La Goulette. Que reste-t-il de nos amours ?  

 

Quelque chose, tout de même.   

Quand j’y suis revenu, il y a quelque vingt ans après une longue bouderie envers le pays natal, j’eus comme un vertige. Pour moi La Goulette, ma Goulette, c’était d’abord une immense plage de sable blond sur laquelle j’y fis quelques-uns de mes premiers pas mal assurés qui faillirent être les derniers. Un cavalier qui poussait son cheval en un petit galop sur le sable, n’avait pas vu, le soleil étant au zénith, l’avorton à quatre pattes qui essayait de rejoindre son paternel bronzant en solitaire.

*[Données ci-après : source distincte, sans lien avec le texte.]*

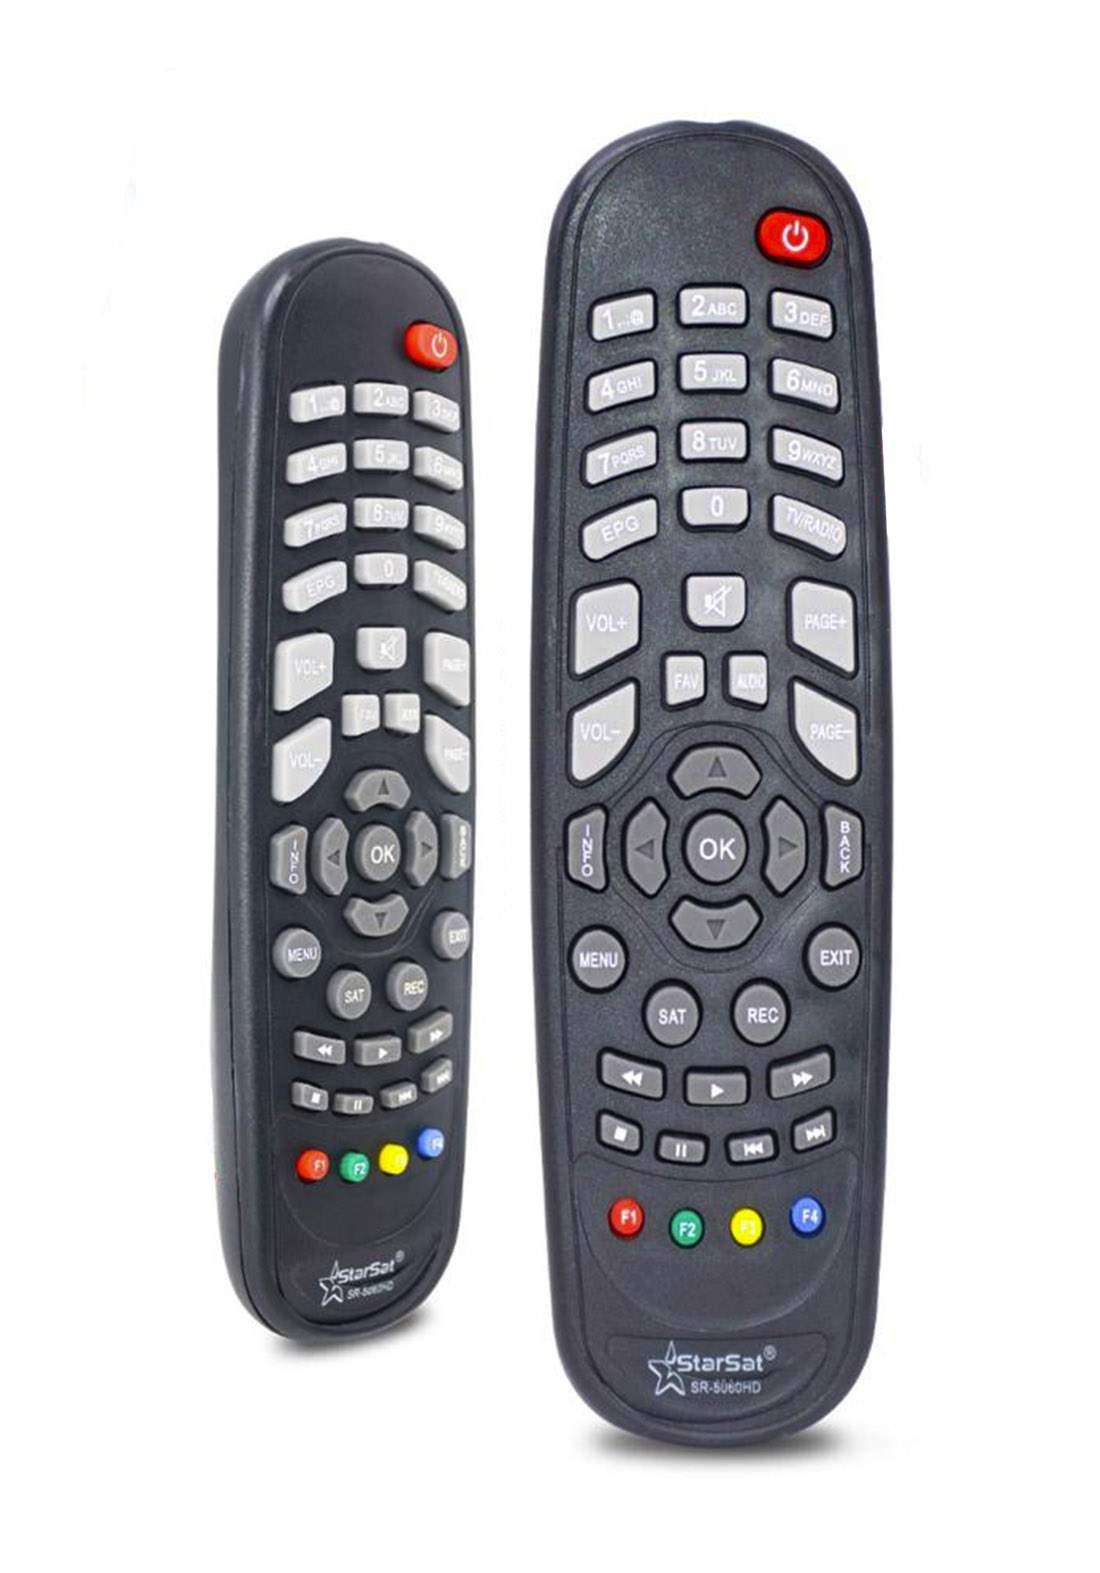 Remote Control For Star Sat Plasma TV (A-733) جهاز تحكم عن بعد
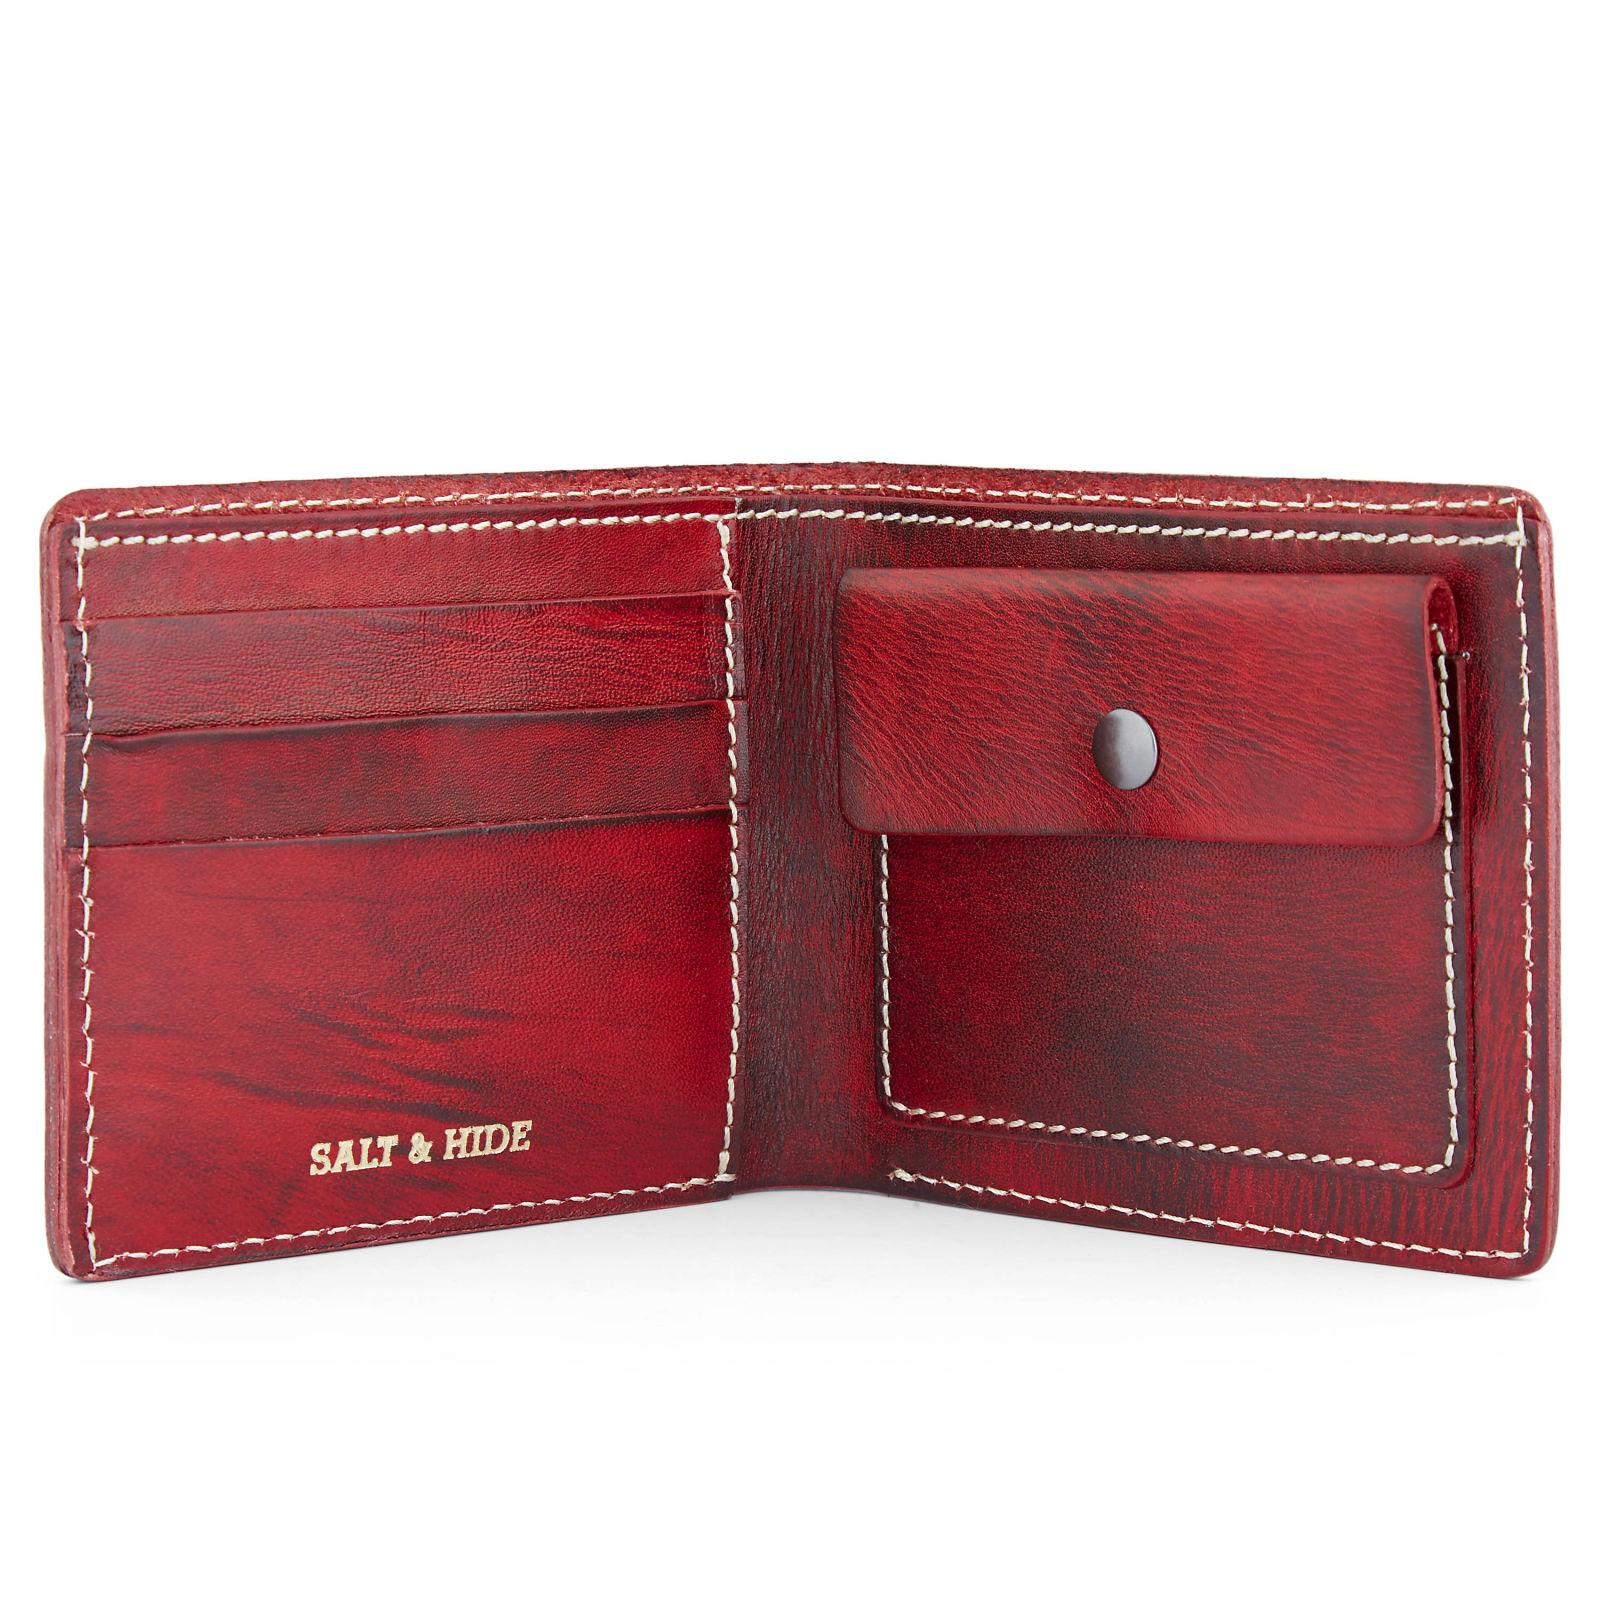 d22ed1668a Κόκκινο Δίπτυχο Δερμάτινο Πορτοφόλι Dermot

Les nazis, en 43, venaient de quitter la Tunisie et ma famille n’attendit pas un mois avant de louer une « villa »sur la mer, une bâtisse qui portait les cicatrices de quelque bombardement allié. Disparue, la plage où s’entassaient des milliers de corps huilés à l’Ambre solaire. On a eu l’idée touristique d’une promenade longeant la mer. Le sable d’or de notre jeunesse enfoui à jamais sous le macadam et les trottoirs. Et puis, le niveau des eaux l’a sans doute un peu rongé.
     

La Goulette, pour ceux qui l’ignoreraient encore, est une « station balnéaire », une bourgade à un jet de petit train de Tunis, le TGM, petit frère du PLM. En fait, elle n’est pas bien belle, ma Goulette, elle ne l’a jamais été, coincée entre les voies du petit chemin de fer, le grand Lac de Tunis et la plage. Deux longues rues parallèles,  des « avenues », reliées par des ruelles anonymes. Elle l’est moins encore. Quelques rares jolies villas « Liberty » encore debout, perdues au milieu d’immeubles récents sans charme, et d’autres de jadis au crépis défraichis, parfois des ruines qui tomberont bientôt.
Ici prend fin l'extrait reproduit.